The first was a dream. While she slept, an oral poem came to her fully formed for the first time. She awoke with it in her head. "A gift from the poetry gods," she says. The poem, "White Neighbours," was about her experience growing up in a white area where double standards existed. She remembers: "A line in that poem was like, 'Someone called me Paki, they weren't even good racists.'"
Next came the performance. A day or two later a friend asked her, "How come you never come to poetry night?" Held at Ginger's Tavern on Barrington Street back then, Word Iz Bond was a monthly slam poetry night. She performed her first oral poem off a page at Ginger's. The audience loved it. She noticed other poets had memorized their work so she began doing the same.
Today all Jones' poems are in her head. She had to type them out for the book, in fact. The collection brings together her "so-called militant" early poems alongside more nuanced yet unapologetic recent work.
"Obviously we go on political journeys, our decolonization journeys, so I'm not saying everything in that book is necessarily something I would say now, but it's things I meant and said over the years, and those are also important for young people, that it is a book that you especially want young black people to read."
Jones is not out to write complex, award-winning stanzas that will find their way into a curriculum. Her poetry is for a 13-year-old, or someone without access to higher learning. "That's very important. That's what spoken word does, it provides education."
If not for their potential to educate and empower, she might not have published her poems in a book at all. "I was very reluctant in a lot of ways to do a book, because I have always been more about spoken word being oral, being ephemeral. I think the power of spoken word is that it takes place in the moment."
There's a power to doing a poem at the Ferguson march—a stage presence and feeling of immediacy you can't get from text. "Because you're writing orally, it's not necessarily meant for the page." For that reason, she left some poems out.
"Like, I don't want to put 'The Pussy Poem' in a book, I think that's more of an oral poem," she says with accidental humour, and laughs. "That's a gross double-entendre," she says.
Rather than attempting to curate a best-of poetry selection, Jones filtered the collection by topic. Readers won't find strictly feminist-related work, for instance. Instead, everything fits under the umbrella of black perspective. However, the idea didn't come to Jones until she saw the book's cover. Artist Obsdn Optimo painted a mural of black historic figures while listening to a selection of Jones' spoken word poems. Once the poet saw his mural, she knew the book should be about black experience, and the African Nova Scotian experience in particular.
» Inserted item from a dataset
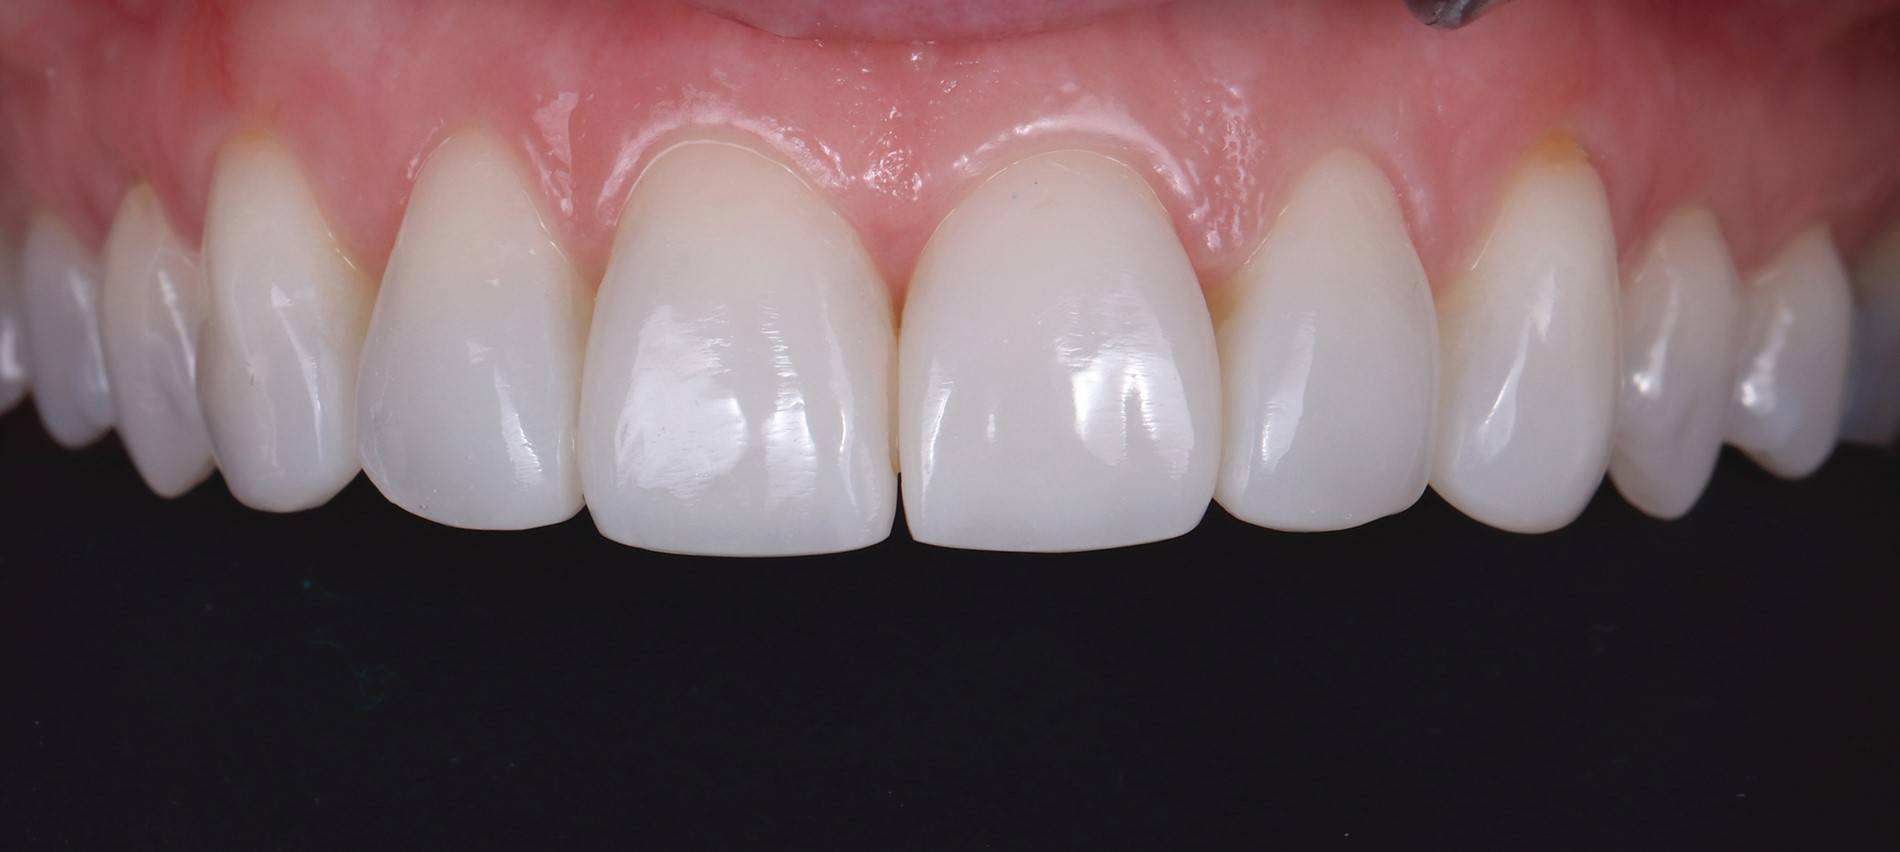 Upper teeth after procedure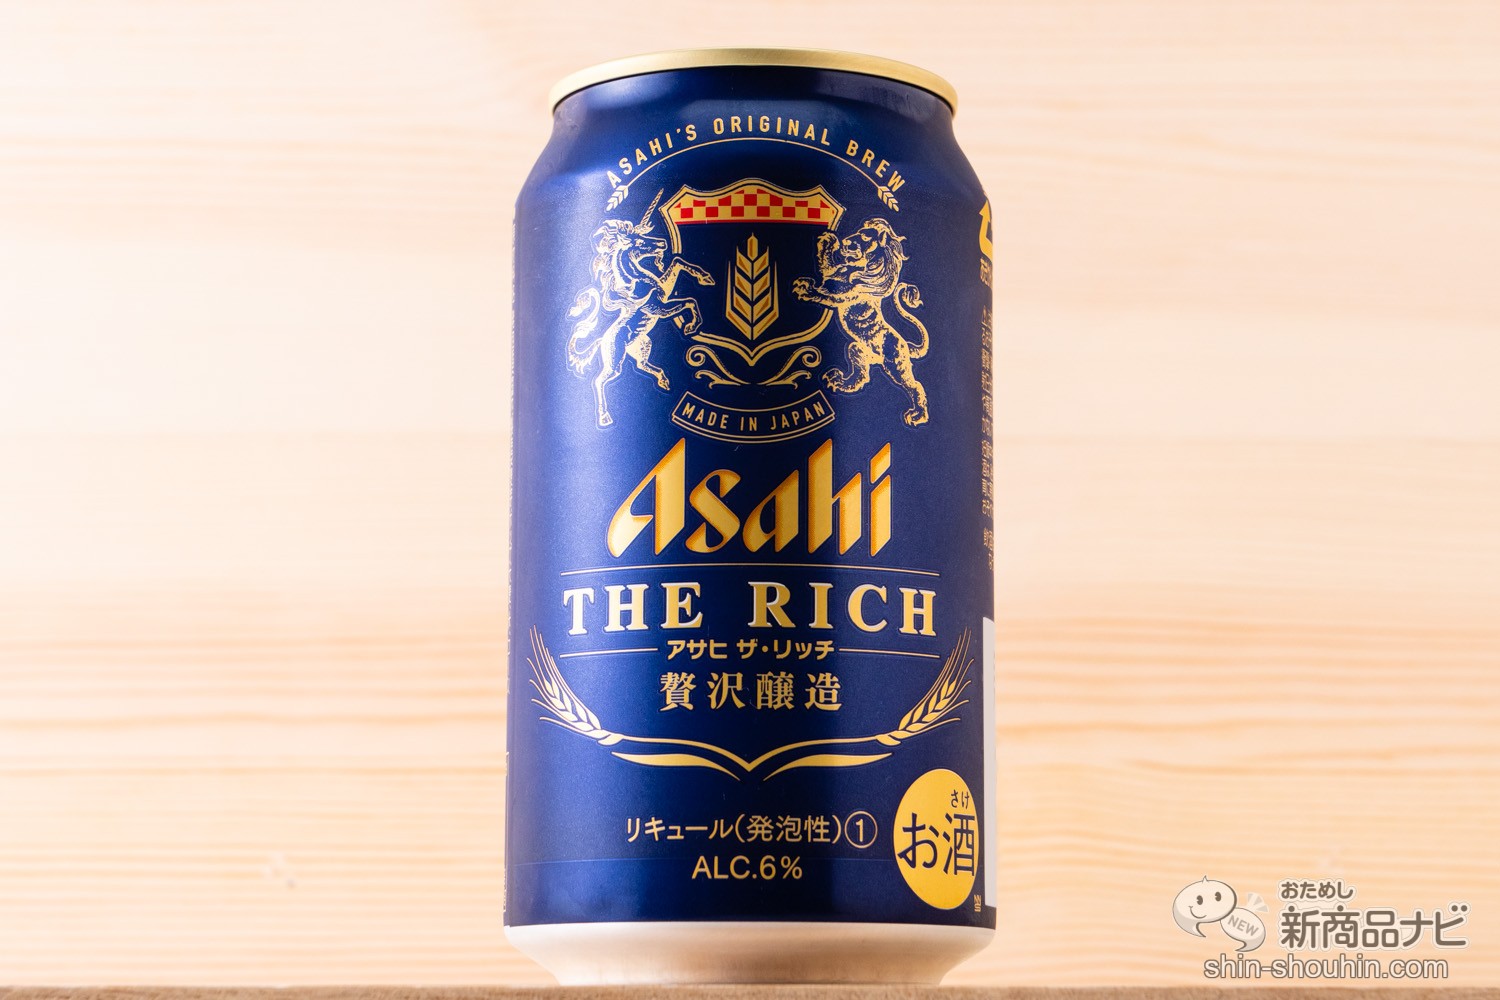 おためし新商品ナビ » Blog Archive » 『アサヒ ザ・リッチ』プレミアムビールの贅沢感を目指した新ジャンル、その実力は？

"I have no doubt I wouldn't be the same kind of poet that I was if I hadn't come to Nova Scotia," Jones says. "This book couldn't exist without black Nova Scotia. It is a black Nova Scotia book."
Recently, as part of her work teaching in prisons, Jones performed "The Black Power Poem" in a Truro church with prisoners present. Her message to them was: "If Malcolm X can do this, you can do this." She could see them feeling it as they mirrored her fist in the air, she could hear their empowerment in the call and response, and she realized: "That's why I'm writing this."